Yolda bir benzinlikte mola verdik, Oasis Cafe’de kahveler, tatlılar, tuzlular, çorba vs herşey çok lezizdi ve fiyatlar çok uygundu, gidilesi.
Marakeş’te ilk hedefimiz Majorelle Gardens. Turistlerin uğrak ziyaret noktası olduğundan park yeri arandık. Yaklaşık 20 dakika bilet sırası bekledikten sonra bahçenin büyüsüne kendimizi bıraktık. Yves Saint Laurent’ın ilham almasına şaşırılmayacak kadar güzel bir botanik bahçe. Dev kaktüsler, şans getirdiğine inanılan kocaman balıklı havuzlar, çeşit çeşit çiçekler ve ağaçlar ile rengarenk dekorasyonu gözlere şenlik sunuyor. İçindeki küçük müzesinde ise berberilerin tarihçesi, takı ve kıyafet kültürü sergileniyor. 1,5 saatte rahatlıkla gezilebilir, fotoğraf çekimine harcadığınız zamanla tamamen doğru orantılı 🙂
Bahçe girişi 70 dirhem, müze girişi 30 dirhem. Diğer yeni müzeyi de görmek isterseniz toplam 180 dirhem.
“Pazarlık sünnettir” lafı adeta burada can bulmuş. Baya çılgın pazarlık dönüyor, çoğu şeyi yarı fiyatından daha ucuza almak mümkün. Bu nedenle sakın pazarlık yapmadan birşey satın almaya kalkmayın, üzülürsünüz:)
Örneğin büyük ahşap bir aynalı pencere 850 dirhemden açılan pazarlık sonrası 400 dirheme alındı. Tanesi 250 dirhem olan berberi minderlerinden ikisi 250 dirheme alındı. 400 dirhem olan ayna 150 ye, 900 dirhem olan çok orjinal bir çeşme 400 e alındı…

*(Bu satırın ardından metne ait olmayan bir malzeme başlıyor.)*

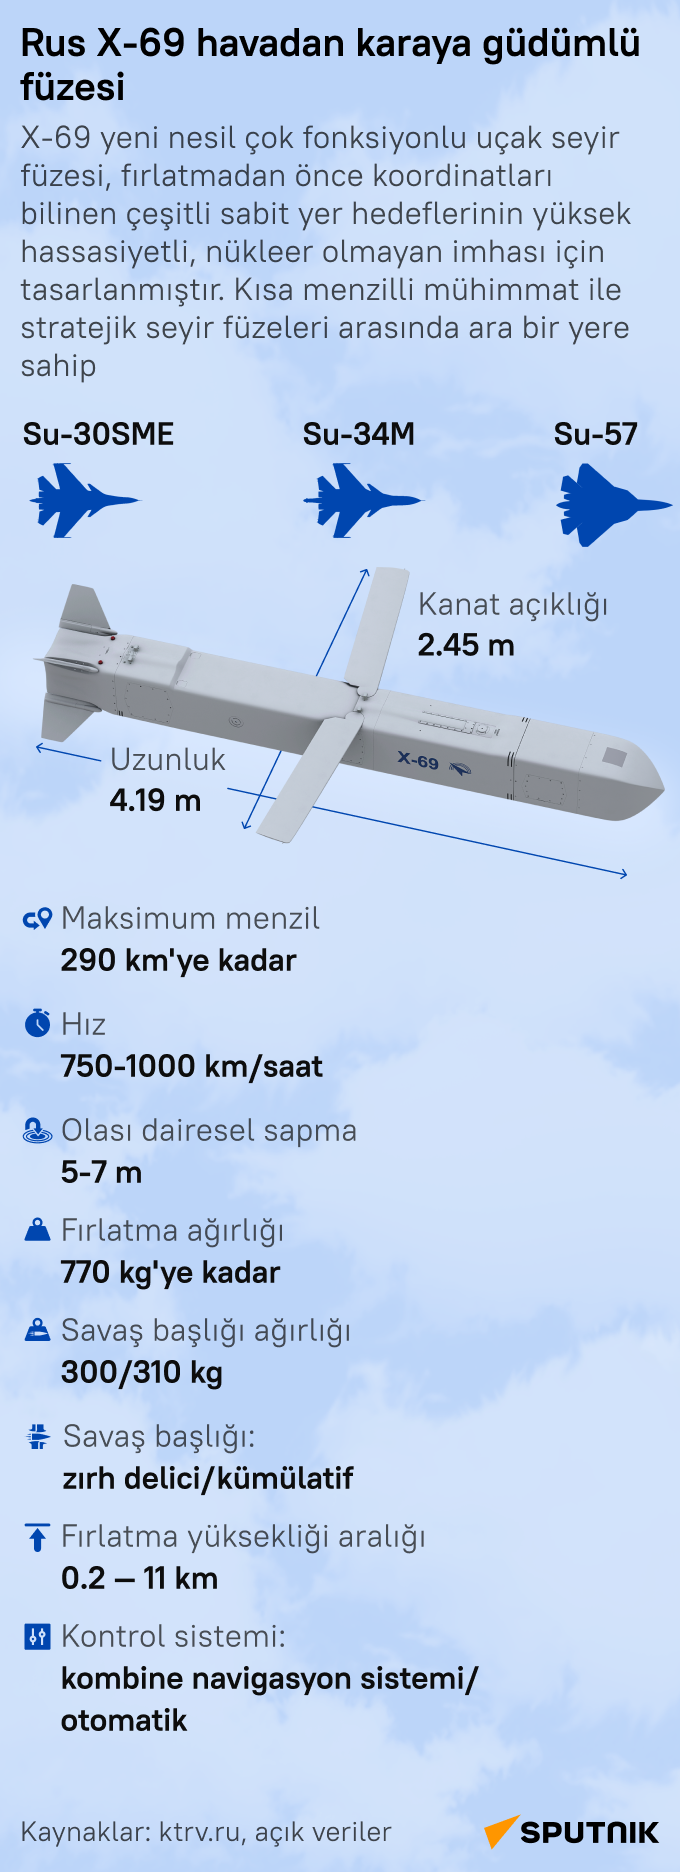 Rus yeni nesil X-69 güdümlü füzesinin teknik özellikleri neler? - Sputnik Türkiye

Akşam yemeği için de medinanın içindeki Terrace Restoran‘da güzel bir masaya kurulduk. 2 kişiden kalabalıksanız rezervasyonsuz yer bulmanın pek mümkün olmadığını belirtmeliyim. Restoranın atmosferi çok güzel. Özellikle yerel mutfağı, temiz ve nezih bir yerde tatmak isterseniz doğru adres. Tajin çeşitlerini denemeden önce tadımlık sunulan aperatifler, tatlılar, zeytin-ekmek vs çok leziz ve doyurucu. Fiyatlar da İstanbul kıyas alınırsa gayet makul bence.



Çöl turunun 2. gününde sabah 7 gibi tepeye çıkmaya başlayın ki gün doğumunu kaçırmayın. 10 dk lık küçük bir kumul tırmanış, tepede yerinizi belirleyip günün doğumunu izleyin. Ardından güzel bir kahvaltı ertesi yine 45 dk lık deve yolculuğuyla araçlara dönüş. Bu çöl gezisi sırasında tatmin olmadığım tek şey kısıtlı süre sebebiyle kamp çevresinde keşfe zaman olmaması ve çölde yürüyüp güzel fotoğraflar çekememek oldu☹️ Kumul tepelerinde yürüyüş yapamadım ve develerle yürüdüğümüz bölge yola çok yakın ve taşlıklı bir bölgeydi, fotoğraflar açısından zengin bir atmosfer yakalayamadık.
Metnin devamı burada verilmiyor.